Ephesians 6:1-9 talks about the relationship between children and parents as well as the relationship between slaves and masters. Pay special attention to the difference in the commands for children and slaves. Children are asked to HONOR their father and mother while slaves are told to OBEY their masters. Which one of those things is harder to do?

Honor means to regard with respect. Obey means to do what you are told. I do not know about you, but just being told what to do is much easier than making a decision on my own that honors the one who gave me the right to make the decision. So many times we just want an answer, something clear cut that screams “GO DO THIS MY CHILD, ITS EXACTLY WHAT I WANT YOU TO DO” because that would be easier than spending time loving and respecting our Father enough to know what will disappoint him and what will really make him proud.

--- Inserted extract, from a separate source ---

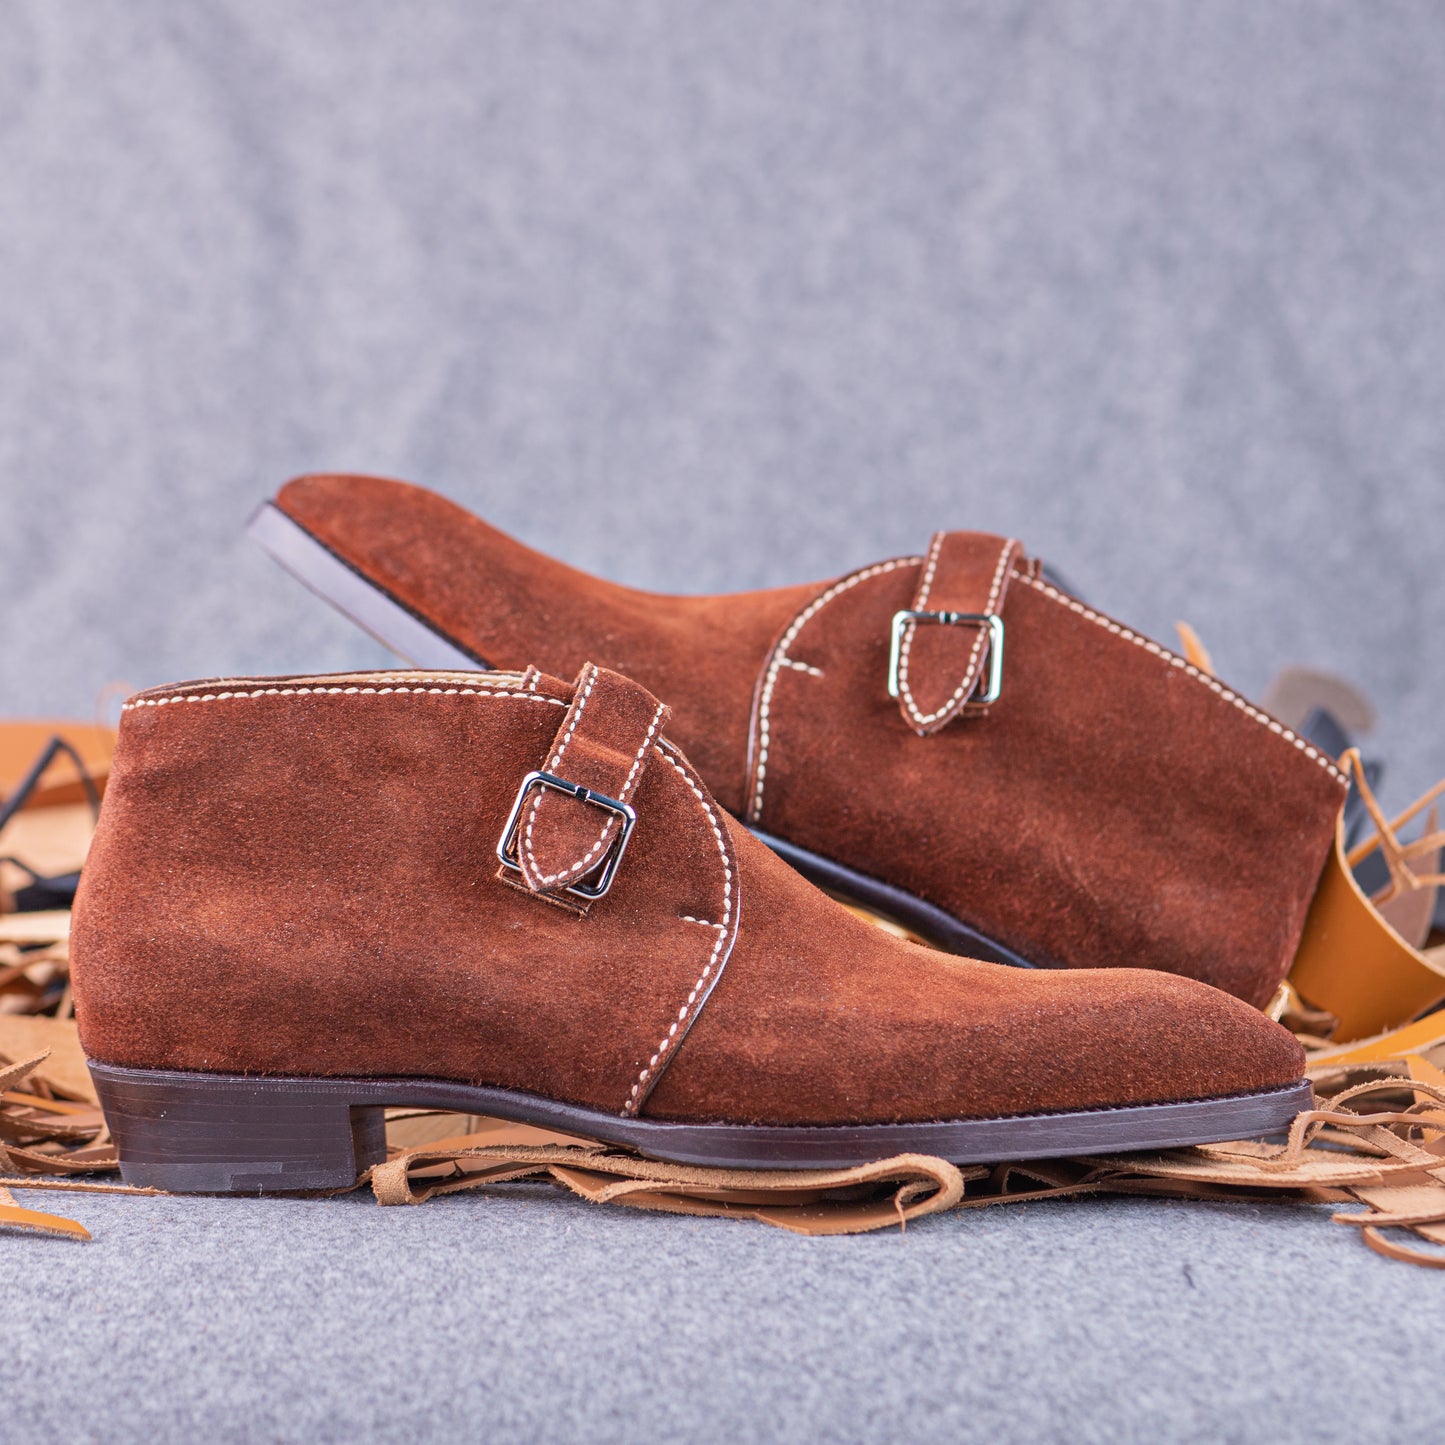 Gilman - Chukka boots with arrow strap, fully handsewn

Children are also told to obey their parents, because honor does not come naturally. I had to learn to obey my parents before I could honor them because I had to find out what they valued and what they thought to be trivial or ignorant. Honor is not something that happens immediately, it has to be developed through relationship and struggle. I did a lot of disobedient and stupid things when I was a little kid, but when I became a teenager, the mood shifted from disobedient to dishonor.

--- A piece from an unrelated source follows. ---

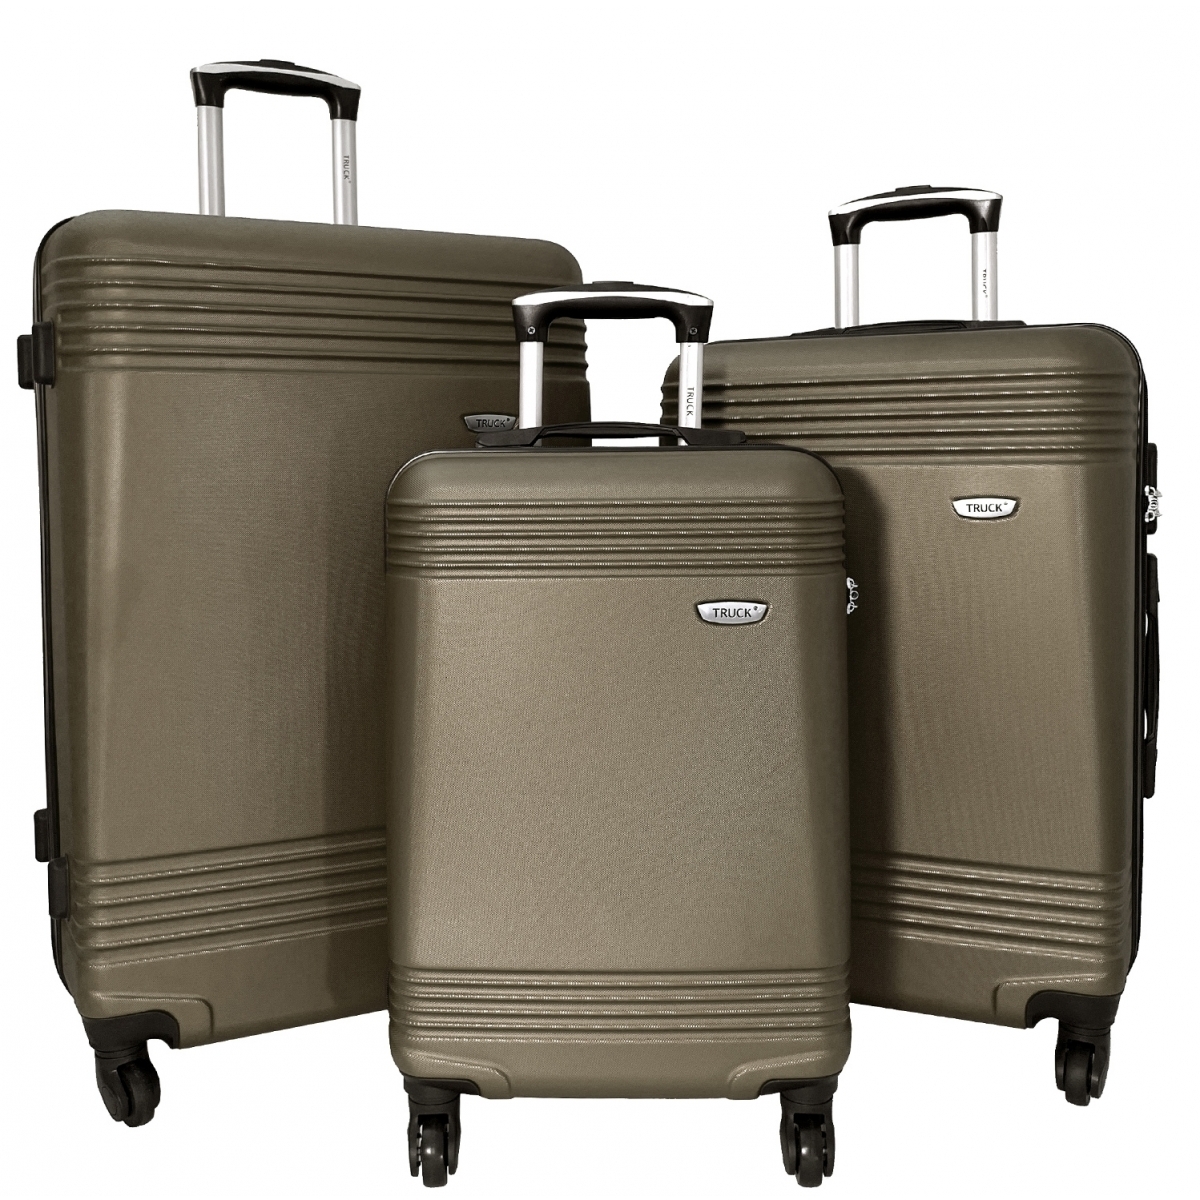 Grande valise XL rigide Delsey Montcenis TSA polypropylène 82cm

Our Middle Eastern and Eastern brethren have a much clearer idea of honor and shame than we do in America, and I think it would do us all well to learn something from them. Honor is paired with long-life (see Deuteronomy 5:16), especially to those who honor their father and mother.

My dad does not tell me what to wear every day, he didn’t tell me where to go to college, what sports to play (or not play), what girls to date (or run screaming away from), etc. because he gave me the freewill to do so. I am very grateful that I had my dad as the first glimpse of what God looked like and that he treated me like God would treat a son. It may be harder to be a son, but it is well worth the struggle and reward for pleasing my Father in Heaven.

Take this with you. You are a son or daughter of Christ. If you’re still new and learning, then obey God with all your heart. Do what he wants and find out what makes him click so you may honor him. If you know what honors your Father and what shames him, live accordingly in a way that honors him. And most importantly, if you have a son or daughter, remember this: You are their first perception of God. They worship you from the very beginning because you gave them life. Make sure your lives are pointing to the Father and your standards of honor and shame match up with His.